> **SOURCE MATERIAL**:

☆ ☆ ☆

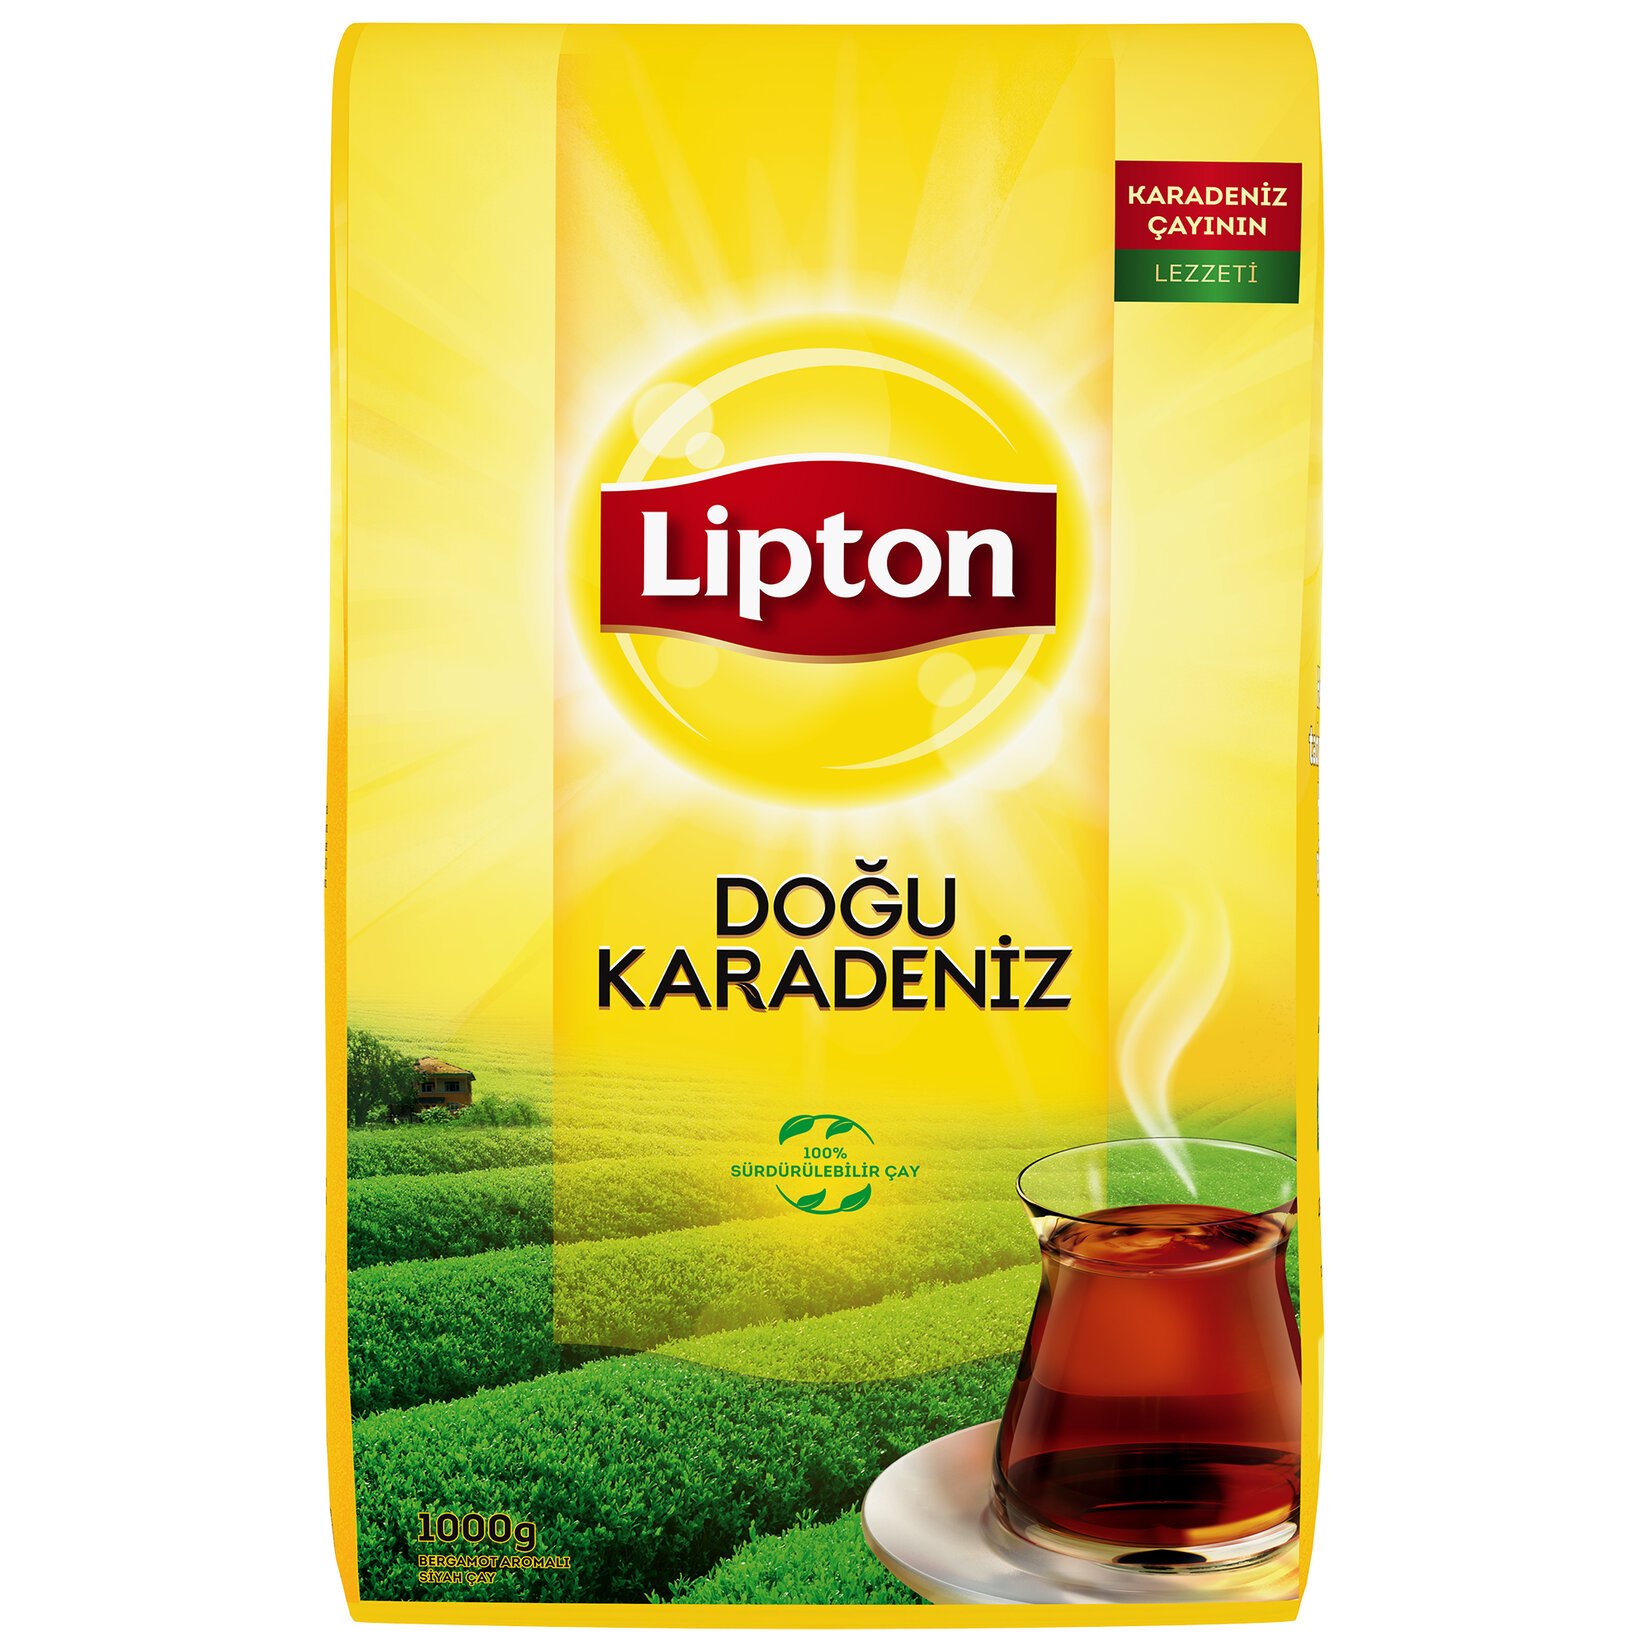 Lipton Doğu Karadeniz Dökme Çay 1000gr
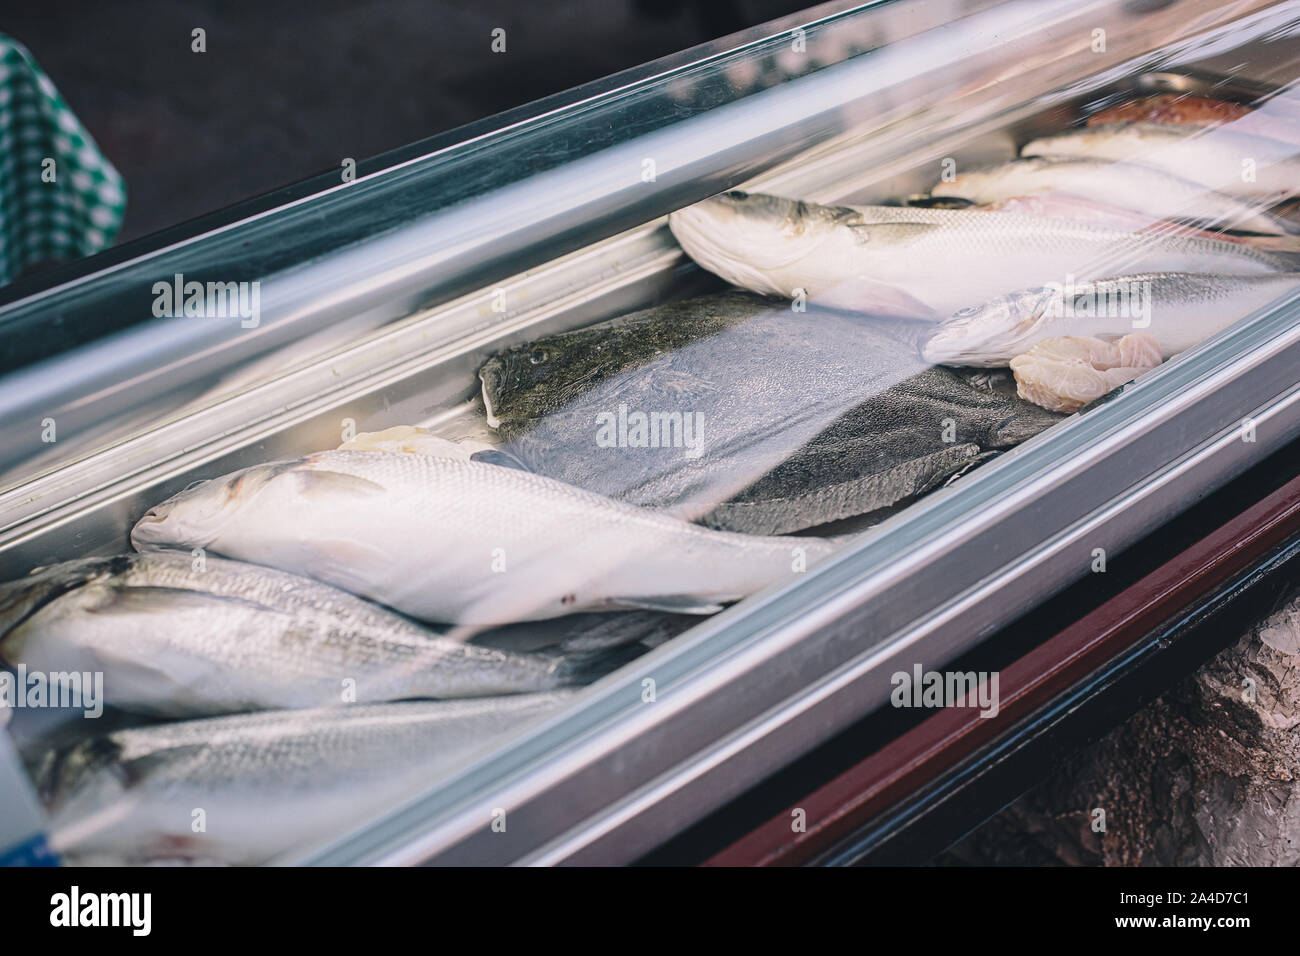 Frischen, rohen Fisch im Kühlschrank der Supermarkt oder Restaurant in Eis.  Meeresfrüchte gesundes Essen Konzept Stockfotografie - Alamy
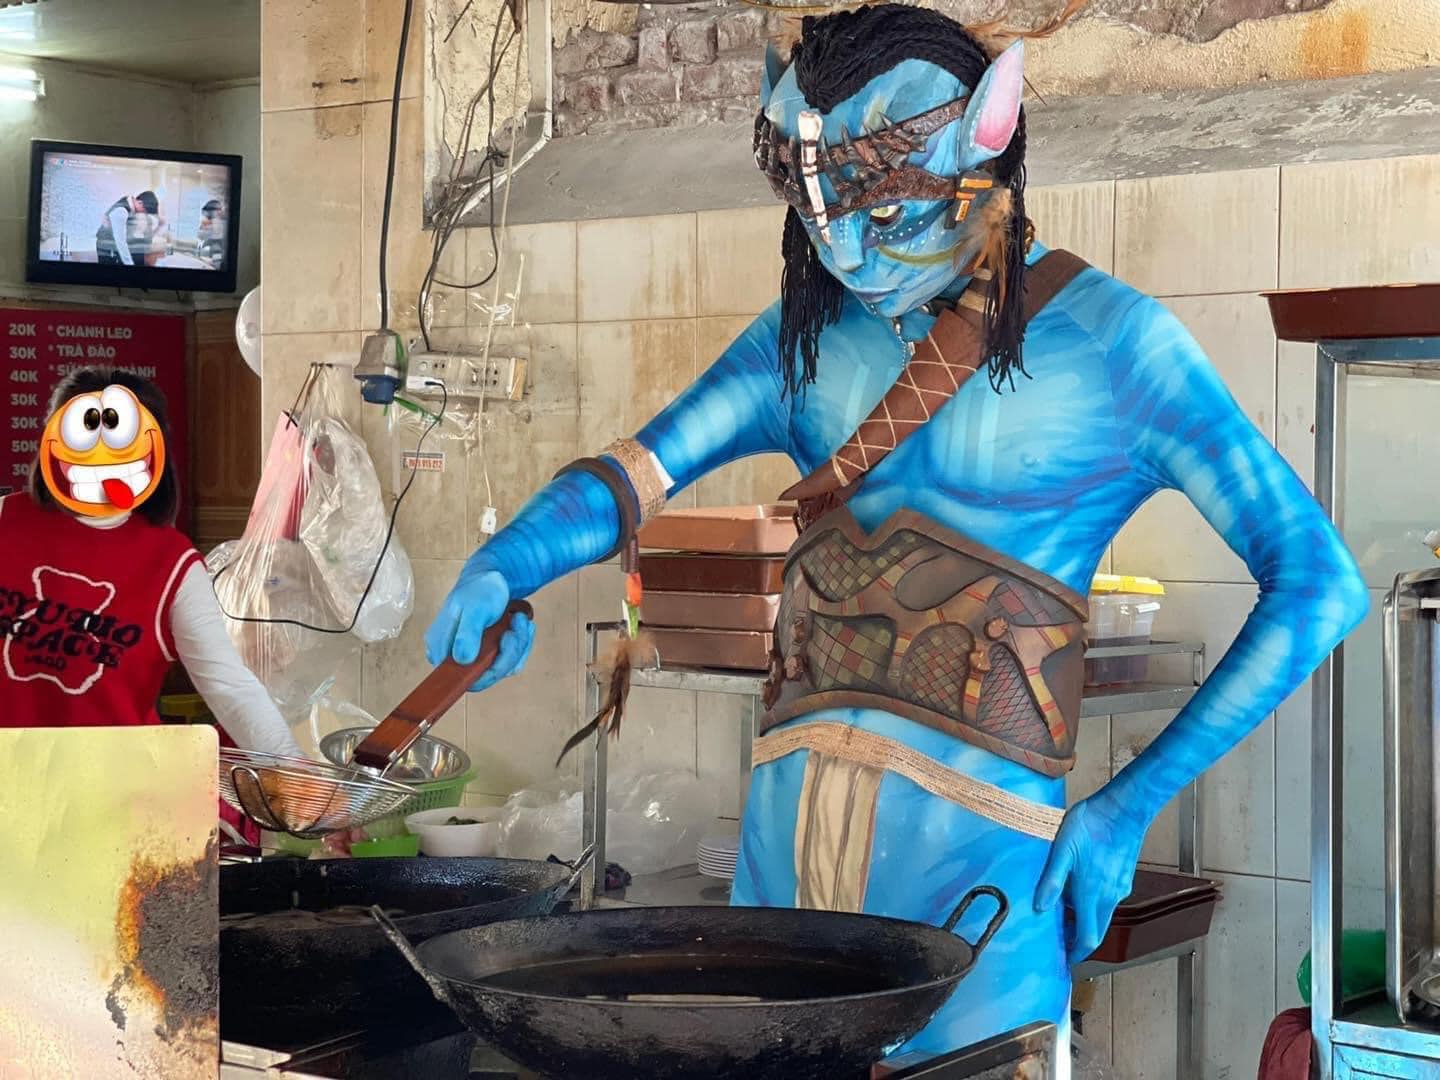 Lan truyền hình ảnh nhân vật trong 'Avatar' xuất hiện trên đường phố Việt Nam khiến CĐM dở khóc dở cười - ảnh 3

☆ ☆ ☆

> **INSTRUCTIONS TO FOLLOW**:
Restate the data word for word, minus any images.

> **TASK OUTPUT**:
 Lipton Doğu Karadeniz Dökme Çay 1000gr
 Frischen, rohen Fisch im Kühlschrank der Supermarkt oder Restaurant in Eis.  Meeresfrüchte gesundes Essen Konzept Stockfotografie - Alamy
 Lan truyền hình ảnh nhân vật trong 'Avatar' xuất hiện trên đường phố Việt Nam khiến CĐM dở khóc dở cười - ảnh 3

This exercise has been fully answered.